> **Work instructions**
From the line containing "サイズ : 11-42T)" to the end of the records below, output each line exactly; include both ends and nothing else.

> **Available data**
————

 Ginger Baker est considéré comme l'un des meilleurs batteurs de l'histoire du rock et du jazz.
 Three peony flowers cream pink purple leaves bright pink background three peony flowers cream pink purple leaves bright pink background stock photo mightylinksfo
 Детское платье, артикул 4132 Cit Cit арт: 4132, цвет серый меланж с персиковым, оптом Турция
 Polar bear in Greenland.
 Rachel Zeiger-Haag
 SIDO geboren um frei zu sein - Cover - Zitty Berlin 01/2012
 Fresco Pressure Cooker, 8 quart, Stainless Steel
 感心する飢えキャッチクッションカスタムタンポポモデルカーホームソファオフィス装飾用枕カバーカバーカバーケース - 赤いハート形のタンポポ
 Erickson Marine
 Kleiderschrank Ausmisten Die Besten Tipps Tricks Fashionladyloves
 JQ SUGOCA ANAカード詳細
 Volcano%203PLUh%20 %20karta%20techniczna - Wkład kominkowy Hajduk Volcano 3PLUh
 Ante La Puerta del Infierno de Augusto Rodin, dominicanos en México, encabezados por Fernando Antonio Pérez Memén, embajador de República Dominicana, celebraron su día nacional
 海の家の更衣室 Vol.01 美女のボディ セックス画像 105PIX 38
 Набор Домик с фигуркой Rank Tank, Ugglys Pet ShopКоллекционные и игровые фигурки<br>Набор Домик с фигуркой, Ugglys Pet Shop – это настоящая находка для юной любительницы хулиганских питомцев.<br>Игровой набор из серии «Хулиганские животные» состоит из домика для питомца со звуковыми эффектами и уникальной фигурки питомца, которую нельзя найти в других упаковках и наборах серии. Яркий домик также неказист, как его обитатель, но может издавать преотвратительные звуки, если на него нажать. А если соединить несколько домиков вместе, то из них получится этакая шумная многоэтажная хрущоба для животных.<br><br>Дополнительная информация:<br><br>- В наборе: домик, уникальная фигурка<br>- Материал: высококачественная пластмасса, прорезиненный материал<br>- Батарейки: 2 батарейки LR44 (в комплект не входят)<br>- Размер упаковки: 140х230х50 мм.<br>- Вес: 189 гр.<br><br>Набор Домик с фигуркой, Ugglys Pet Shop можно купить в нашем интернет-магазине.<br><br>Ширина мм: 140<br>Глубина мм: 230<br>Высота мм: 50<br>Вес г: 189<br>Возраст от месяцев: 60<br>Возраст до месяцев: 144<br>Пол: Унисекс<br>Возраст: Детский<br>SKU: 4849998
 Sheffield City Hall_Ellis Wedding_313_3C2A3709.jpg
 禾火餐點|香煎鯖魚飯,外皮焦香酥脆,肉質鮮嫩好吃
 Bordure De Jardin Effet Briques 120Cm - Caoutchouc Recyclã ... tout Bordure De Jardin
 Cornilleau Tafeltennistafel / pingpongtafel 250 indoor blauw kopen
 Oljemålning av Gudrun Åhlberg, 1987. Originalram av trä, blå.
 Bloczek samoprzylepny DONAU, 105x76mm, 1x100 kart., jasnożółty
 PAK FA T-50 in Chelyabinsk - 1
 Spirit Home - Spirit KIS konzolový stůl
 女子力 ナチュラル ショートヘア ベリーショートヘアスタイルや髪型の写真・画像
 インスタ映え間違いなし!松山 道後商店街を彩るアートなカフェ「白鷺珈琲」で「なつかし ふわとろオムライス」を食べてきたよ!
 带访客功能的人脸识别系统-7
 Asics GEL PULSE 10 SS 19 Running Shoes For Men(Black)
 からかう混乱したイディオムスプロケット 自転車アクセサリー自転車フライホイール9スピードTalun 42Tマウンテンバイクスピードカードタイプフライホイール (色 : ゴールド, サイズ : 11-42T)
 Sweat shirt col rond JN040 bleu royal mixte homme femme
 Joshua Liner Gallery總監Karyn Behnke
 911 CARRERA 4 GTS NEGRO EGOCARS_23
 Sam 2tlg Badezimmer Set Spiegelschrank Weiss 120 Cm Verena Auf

————

> **Solution**
 からかう混乱したイディオムスプロケット 自転車アクセサリー自転車フライホイール9スピードTalun 42Tマウンテンバイクスピードカードタイプフライホイール (色 : ゴールド, サイズ : 11-42T)
 Sweat shirt col rond JN040 bleu royal mixte homme femme
 Joshua Liner Gallery總監Karyn Behnke
 911 CARRERA 4 GTS NEGRO EGOCARS_23
 Sam 2tlg Badezimmer Set Spiegelschrank Weiss 120 Cm Verena Auf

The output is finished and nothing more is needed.